Thanks, I'll attach a patch ready for landing in a minute.

> Do we need the two different error codes here?  The "map file" one seems like
> an implementation detail that adds little benefit over the "open file" error
> code.

Agreed. I'm removing the MAP one.

> Calling freeFileMapping here will attempt to munmap a pointer of MAP_FAILED. 
> Is that ok?

My understanding from reading the manpage is that it should be OK, but I have added a guard to make sure we will only munmap if it is not MAP_FAILED.
Comment 17 Gustavo Noronha (kov) 2009-02-01 09:54:32 PST
Created attachment 27232 [details]
patch ready to be committed

I'm attaching a patch ready to be commited (except for ChangeLog changes).

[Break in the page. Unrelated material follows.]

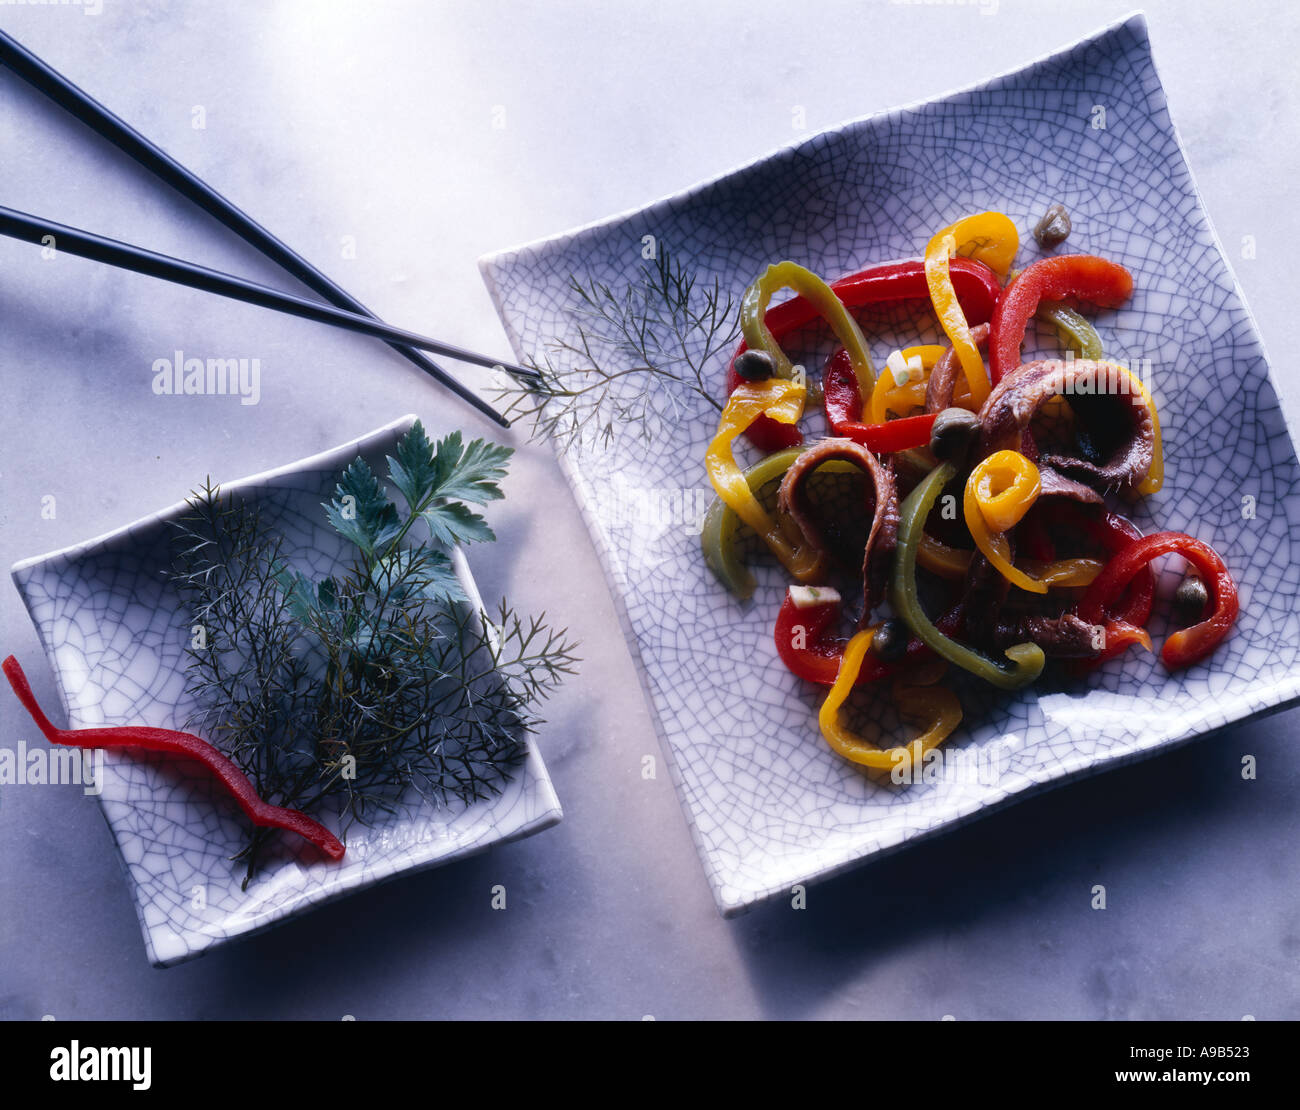 Le Japon l'anchois et poivrons sur les plaques de cuisson Raku Banque D'Images

I have left struct stat as is because my C++ compiler was confusing it with the stat(2) call without the struct prefix, it seems.
Comment 18 Christian Dywan 2009-02-12 10:19:09 PST
Comment on attachment 27232 [details]
patch ready to be committed

        2009-02-12  Gustavo Noronha Silva  <gns@gnome.org>

        Reviewed by Mark Rowe.

        [GTK] Soup backend must handle upload of multiple files
        https://bugs.webkit.org/show_bug.cgi?id=18343

        * platform/network/soup/ResourceHandleSoup.cpp:
        (WebCore::):
        (WebCore::freeFileMapping):
        (WebCore::ResourceHandle::startHttp): Support multipart request bodies
        mmap'ing files to be uploaded.